Google finally announced a robots.txt flag to opt out a website of their AI models without having to block the full Google crawler and have the website out of Google results.
In theory this should do it:
User-agent: Google-Extended
Disallow: /
@hugo I just added it to my site, but it doesn't very great that I have to opt out. This should be opt-in.
Sadly, that's not going to happen unless there are laws introduced in both the EU and US.
@loke yep, true. One option is to just block all bots in robots.txt and only opt in to the wanted ones.
@hugo That sounds like a good idea. I'll have to find out how to do that. Do you know of a list of bots that I can use to decide which ones I want?
@loke To disallow all is pretty simple, then you need to decide on the ones you want to allow and that could take a lot more work depending on what you want.
This page shows the basics of robots.txt and how to disallow all.
Now regarding a list of bots that you can decide to use or not, I don't know of one, no.
@loke I just did a search and this one doesn't look extensive but maybe it's a start.

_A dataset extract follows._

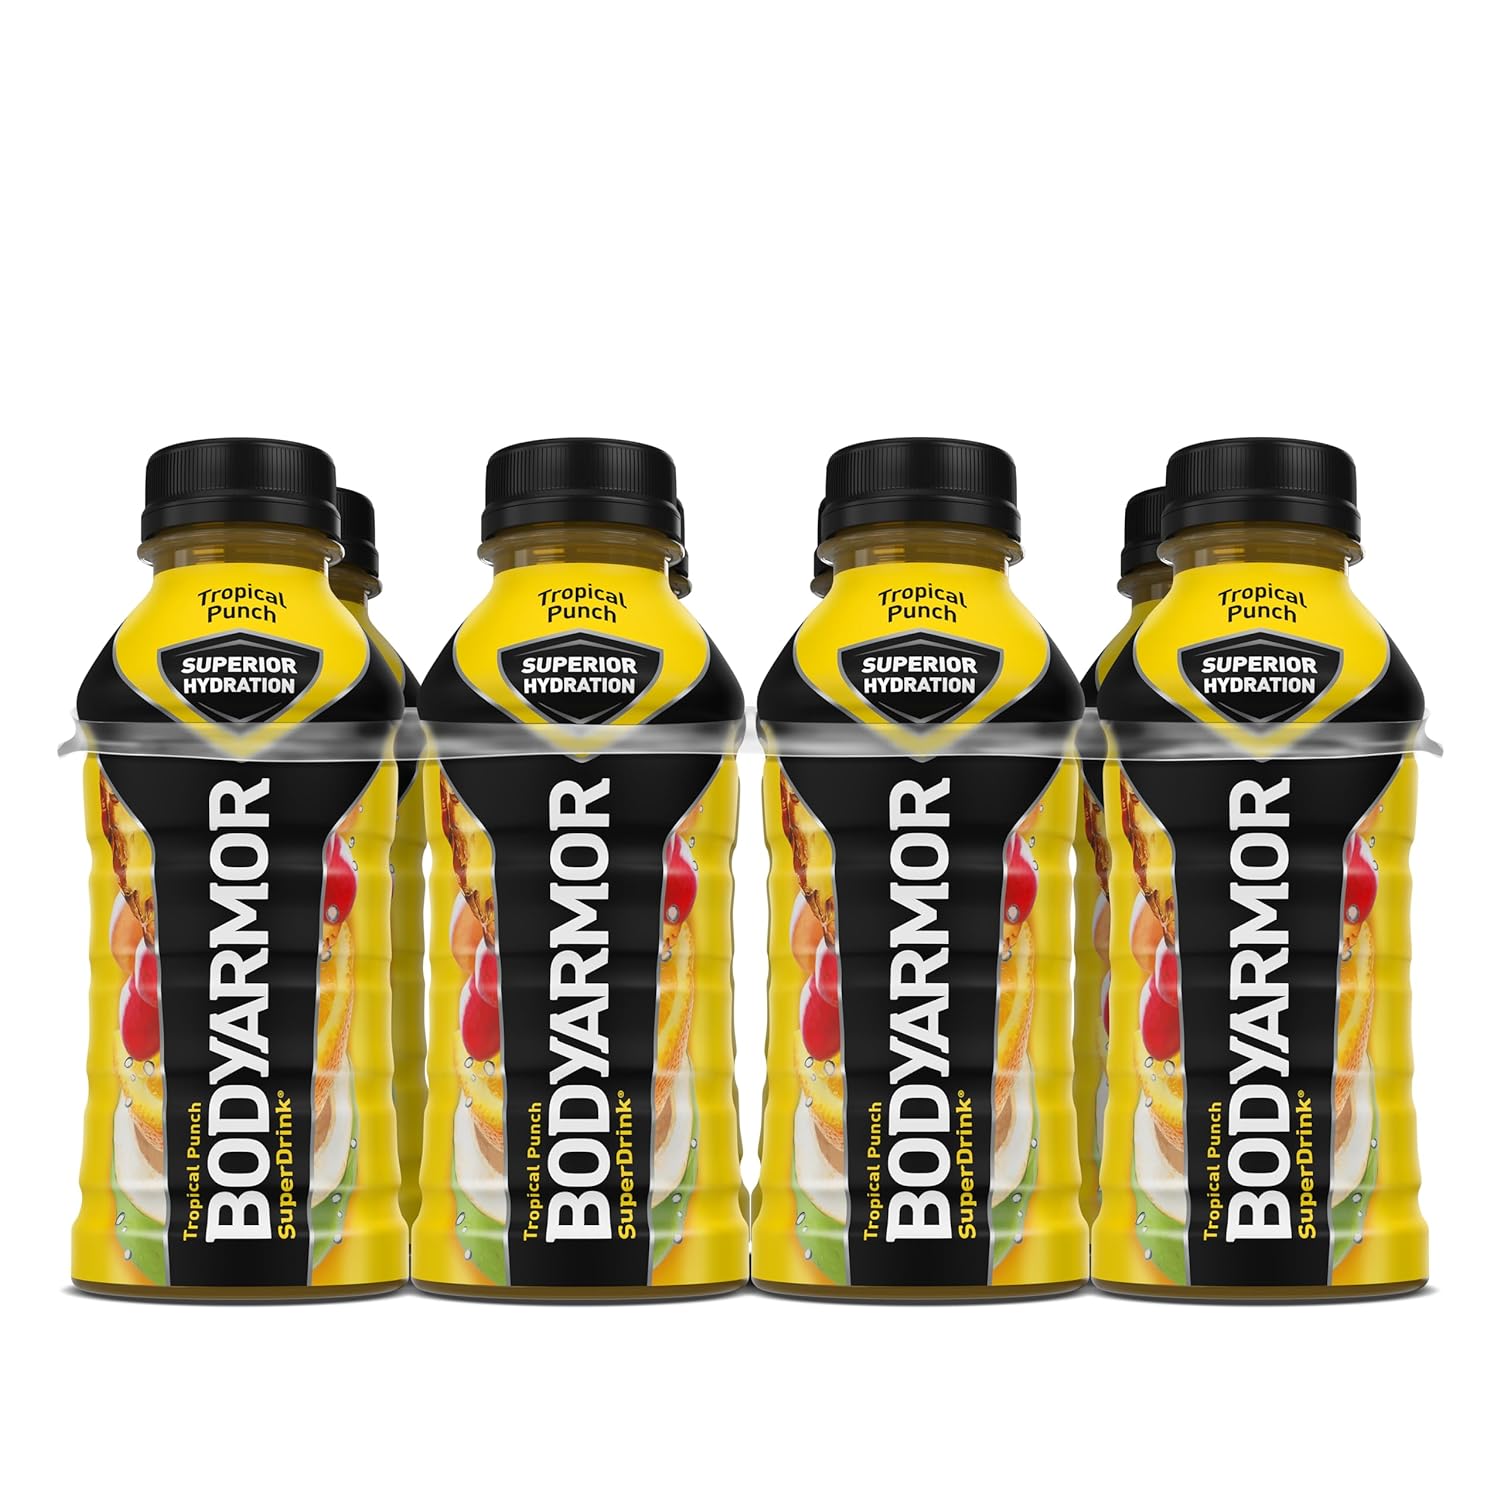 BODYARMOR Sports Drink: 8-Count 12-Oz (Tropical Punch or Strawberry Grape) $4.85, 6-Count 20-Oz LYTE (Dragonfruit Berry) $5.60 & More w/ S&S + FS w/ Prime or on $35+
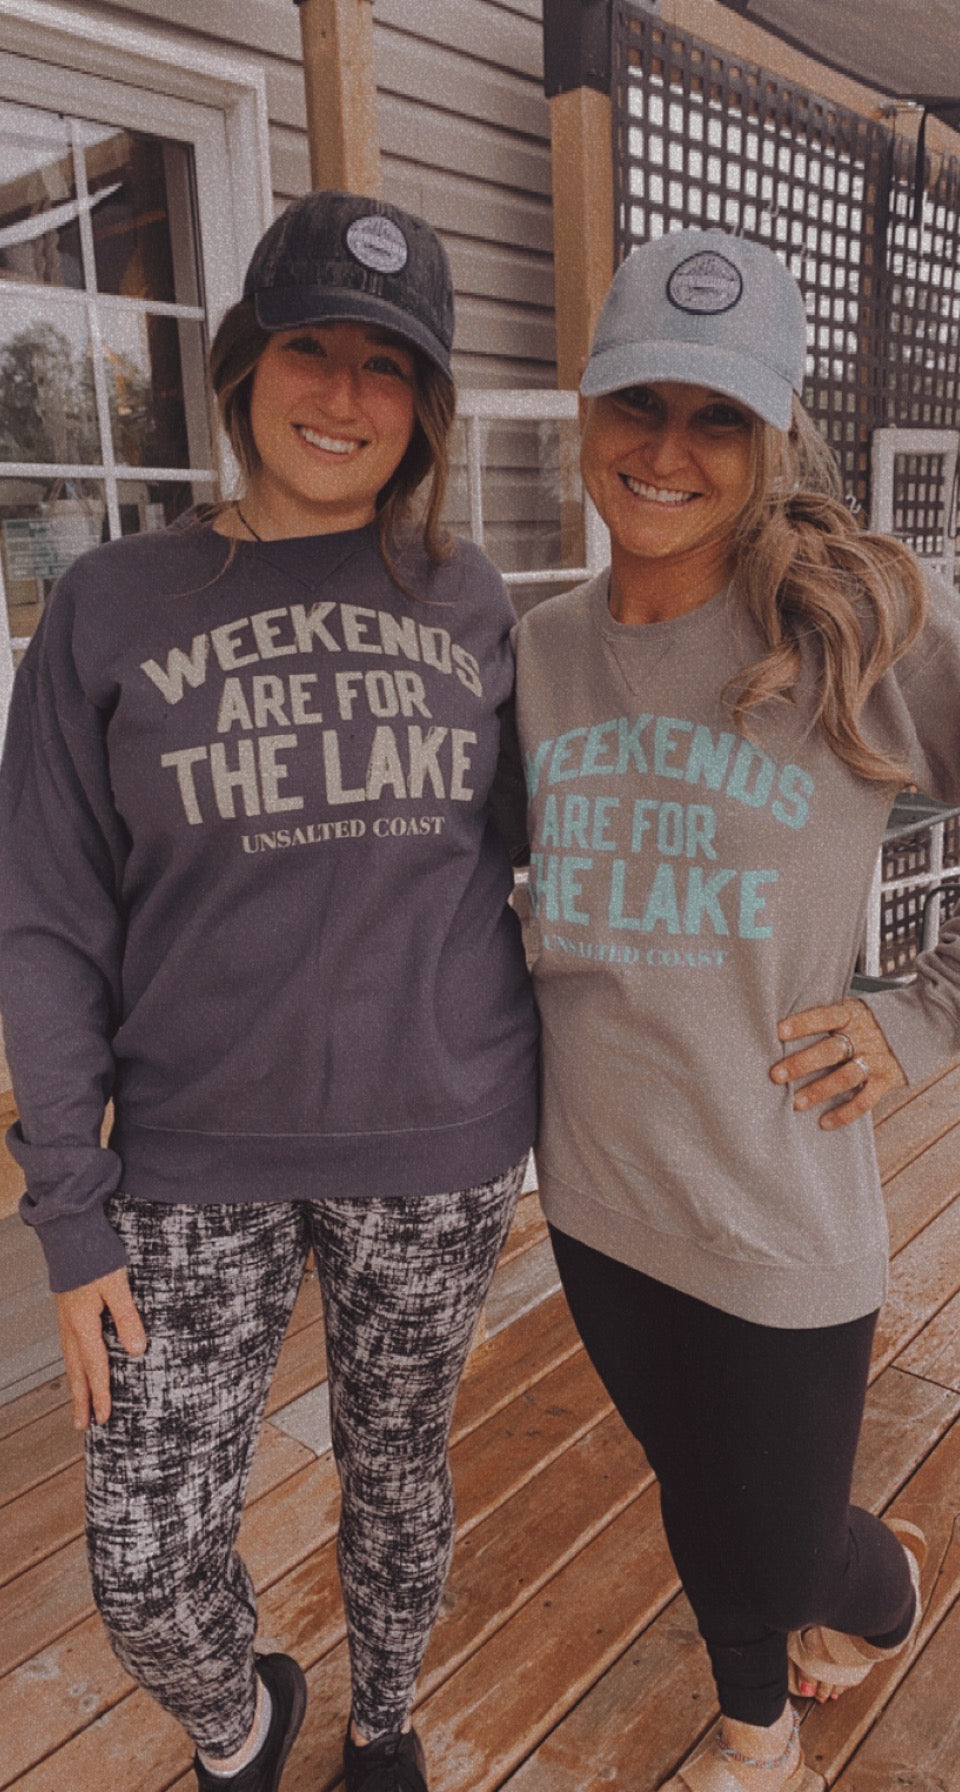 Weekends are for the Lake - unisex crew

@hugo @loke As far as I remember, OpenAI has said GPTBot will only respect explicit disallow's matching its user-agent. It'll ignore a generic disallow all, because they deem that's intended for search engines and they can just ignore it.
Other AI crawlers seem to do this too, so be weary of a disallow all, without explicit opt-outs for GPTBot and Google-Extended.
@hugo Thanks, added!
I have some more Google bots on my list:
User-agent: AdsBot-Google-Mobile
Disallow: /
User-agent: AdsBot-Google
Disallow: /
User-agent: Mediapartners-Google
Disallow: /
User-agent: Google-Extended
Disallow: /
User-agent: Storebot-Google
Disallow: /
@hugo damn this needs to be opt in innit
@owl well, if you block every bot in robots.txt then you can opt it just to the ones you want but yes, I understand the feeling and it's not understandable that they have been training their AI models on others people data for a long time using everything they wanted from their search index bot.
@hugo I opted-out the OpenAI GPTBot and got delisted by DDG and Bing.
@jan WOW, that's crazy!
@hugo ...good to realise that the large majority will not opt-out, just as most websites don't opt-out from Google Search. Personally i find it strange if a website would allow Google crawling for search but not for AI, especially if you know where search is heading strategically.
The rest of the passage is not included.